*** Opening Material provided ***

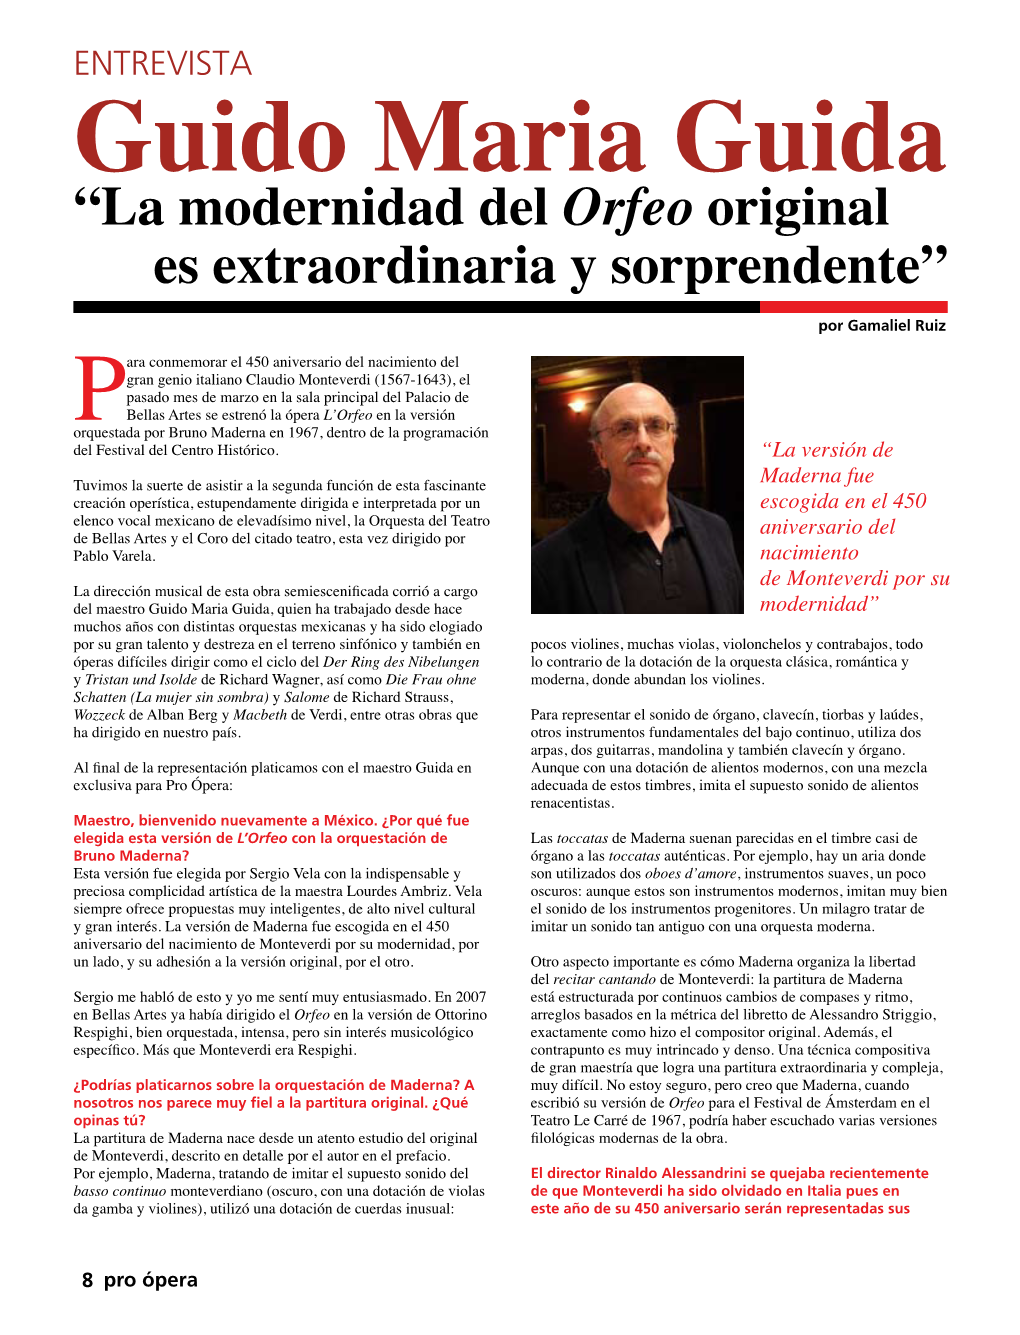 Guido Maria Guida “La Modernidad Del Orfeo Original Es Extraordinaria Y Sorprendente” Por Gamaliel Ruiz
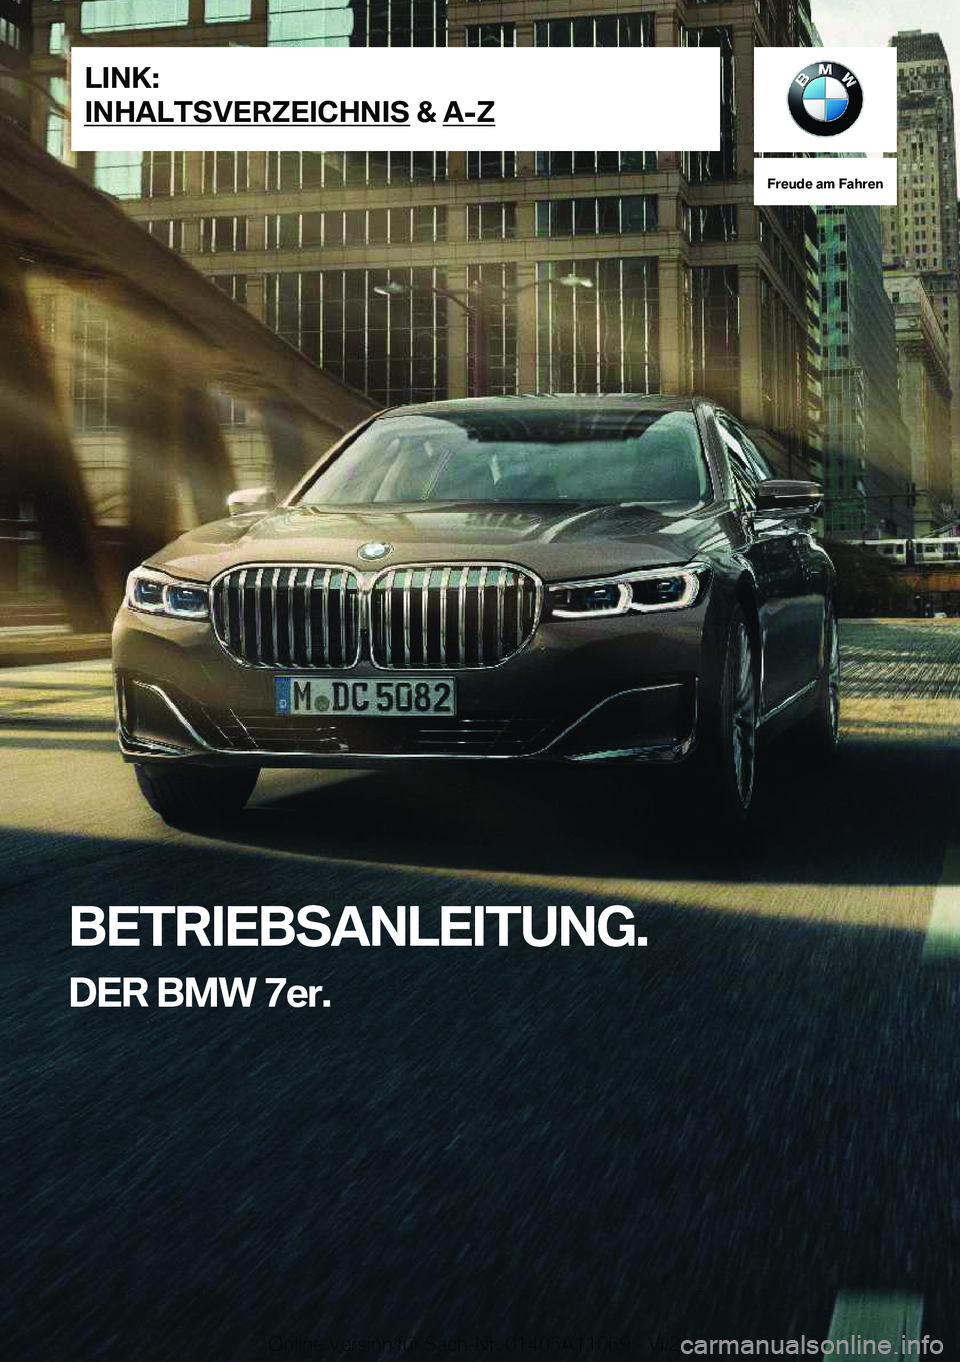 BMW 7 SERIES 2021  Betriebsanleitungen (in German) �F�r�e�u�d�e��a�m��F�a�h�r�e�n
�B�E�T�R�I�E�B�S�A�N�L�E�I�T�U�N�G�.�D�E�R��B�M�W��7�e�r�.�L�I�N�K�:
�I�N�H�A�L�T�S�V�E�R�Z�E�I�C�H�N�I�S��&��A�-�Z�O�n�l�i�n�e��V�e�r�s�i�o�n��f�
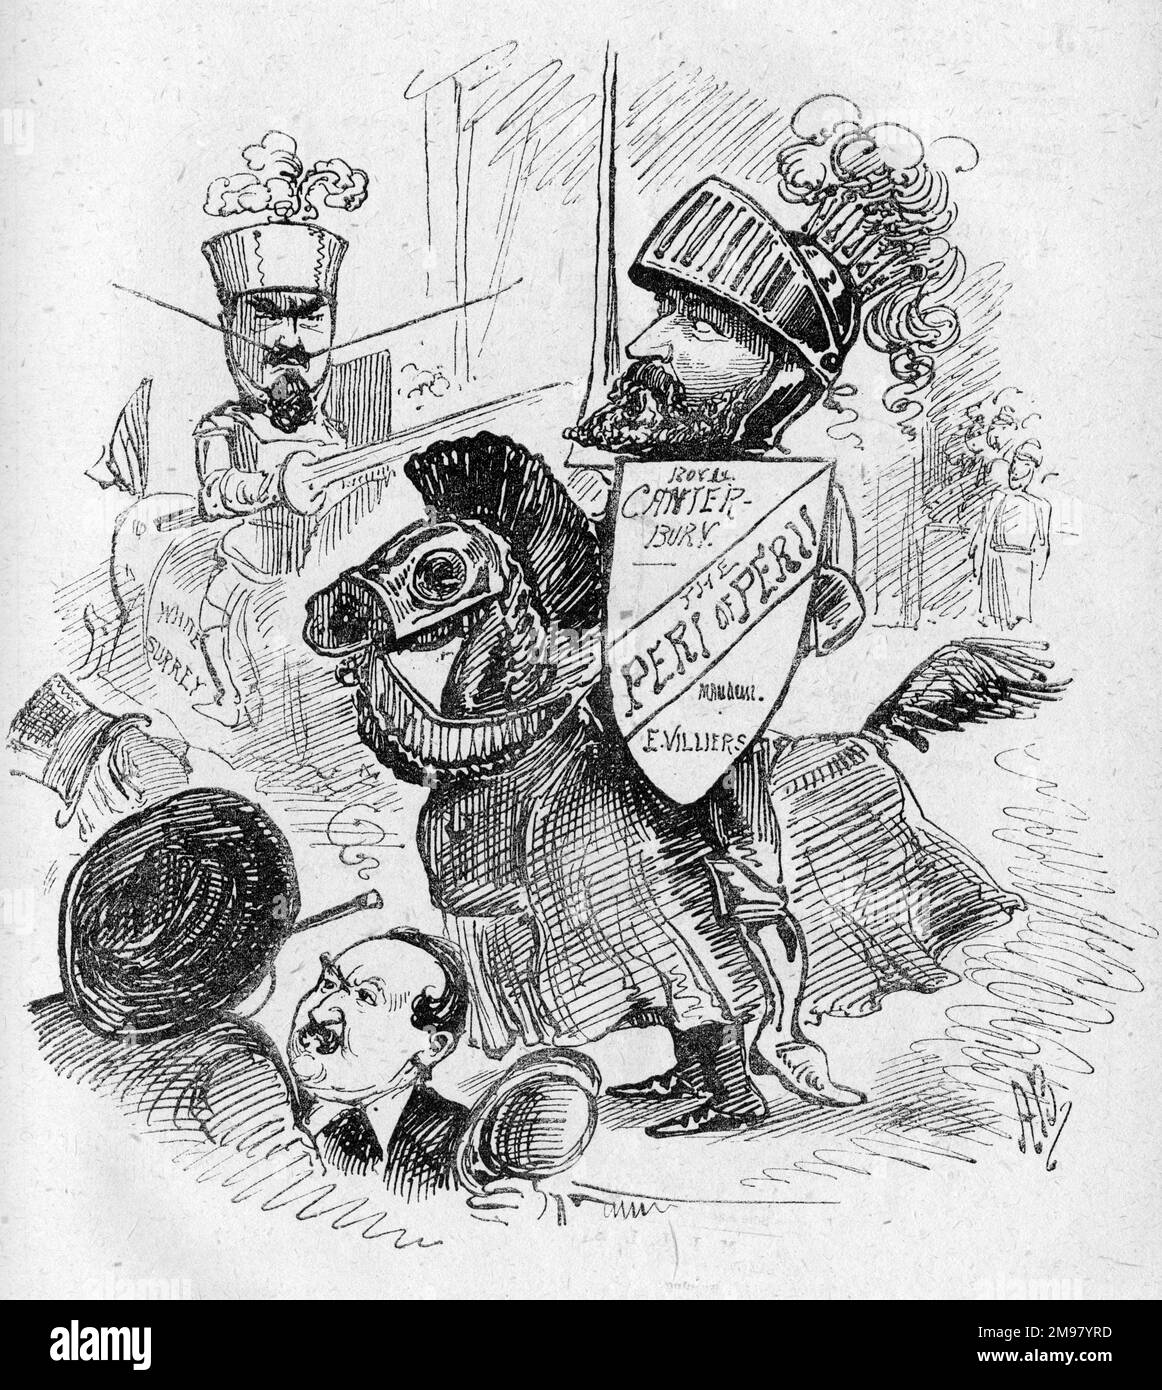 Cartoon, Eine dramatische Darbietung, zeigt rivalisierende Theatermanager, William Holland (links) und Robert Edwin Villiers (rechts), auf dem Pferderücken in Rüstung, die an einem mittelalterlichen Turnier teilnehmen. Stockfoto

*** Closing Material provided ***

▶ Assigned task
Leaving every picture out, return the lines from the one containing "BMW 7 SERIES" through the last line of the records exactly.

▶ Answer space
 BMW 7 SERIES 2021  Betriebsanleitungen (in German) �F�r�e�u�d�e��a�m��F�a�h�r�e�n
�B�E�T�R�I�E�B�S�A�N�L�E�I�T�U�N�G�.�D�E�R��B�M�W��7�e�r�.�L�I�N�K�:
�I�N�H�A�L�T�S�V�E�R�Z�E�I�C�H�N�I�S��&��A�-�Z�O�n�l�i�n�e��V�e�r�s�i�o�n��f�
 Cartoon, Eine dramatische Darbietung, zeigt rivalisierende Theatermanager, William Holland (links) und Robert Edwin Villiers (rechts), auf dem Pferderücken in Rüstung, die an einem mittelalterlichen Turnier teilnehmen. Stockfoto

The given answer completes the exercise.